We switched vision providers mid-build. We started with Google Cloud Vision API for item identification but found the label granularity too coarse and the results often inaccurate. We removed it and moved to Claude Sonnet via Perplexity for the whole pipeline: the backend now sends the image directly to Claude, which both identifies and classifies the item in one call. That proved much more effective.
Getting the full pipeline — camera to classification to city-specific disposal reasoning — running end-to-end is something we're genuinely proud of. The frontend handles real-time detection and framing in the browser; the backend does a single, clear request (image + city MRF doc → verdict). The system handles four disposal categories including hazardous (special disposal), which no consumer recycling product we found treats as a primary feature.
We're also proud of the RAG pipeline we built. Ingesting and cleaning real MRF guidelines from four major US cities and making them reliably retrievable (ChromaDB + sentence-transformers) required real work. The main scan flow currently uses the full doc in the prompt, but the RAG path is there for the test endpoint and for future retrieval-based flows, and the result is a system that can ground answers in actual municipal policy rather than generic recycling rules.
Building from real-world municipal data is a lesson in how messy real data is. The problem isn't retrieval technology — ChromaDB and sentence-transformers handle that well. The problem is what you feed in. Garbage in, garbage out applies more literally than usual when you're building a recycling product.
We also learned that the frontend detection layer and the backend reasoning layer need to be designed together. The frontend decides when to capture and what frame to send; the backend does the actual identification and classification from that image. Prompt engineering for Claude was tied to understanding what kinds of images we were actually sending — framing, lighting, single vs. multiple objects — so both pieces had to be developed and tested in tandem.

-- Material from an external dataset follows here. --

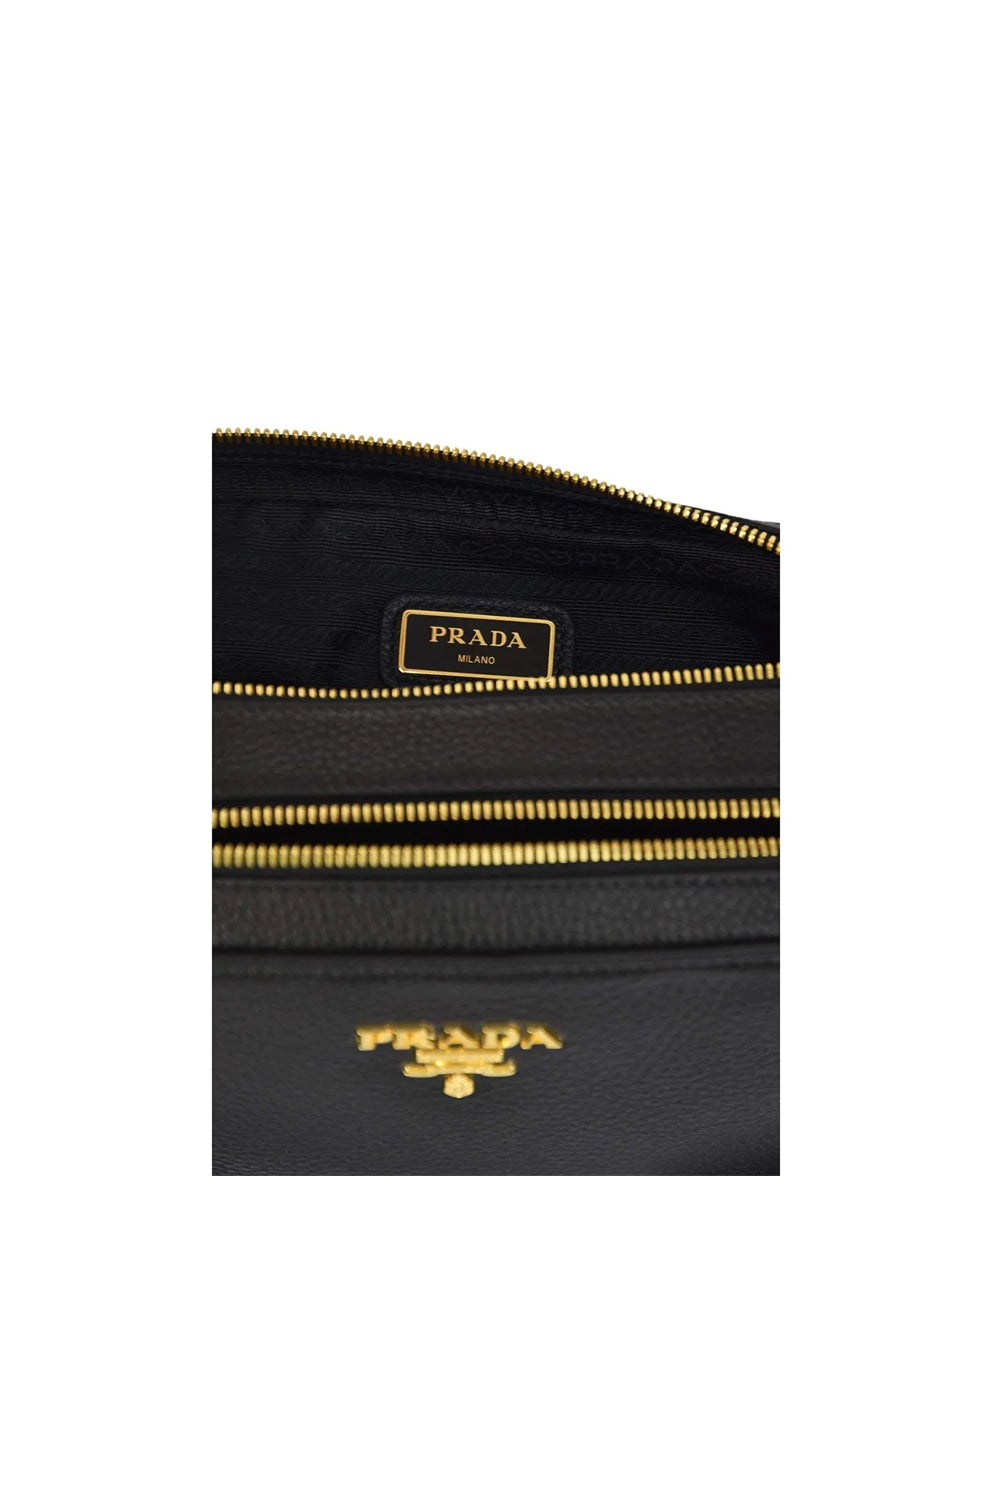 Prada Vitello Phenix Double Zip Crossbody Bag

Bin Sentinel in its current form is a proof of concept, but the same pipeline is the foundation for something significantly more ambitious: fully automated single-chute sorting. One bin, no decision required from the consumer, with a downstream robotic system routing every item correctly. The technology demonstrated here is the sensing and reasoning layer that makes that vision possible.
On the nearer-term roadmap: expanding and automating MRF doc creation across the US, adding contamination-state detection (a clean pizza box vs. a greasy one should get different answers), and building a location-level analytics layer so building managers and city sustainability departments can see real-time contamination patterns — data that currently doesn't exist at that resolution anywhere.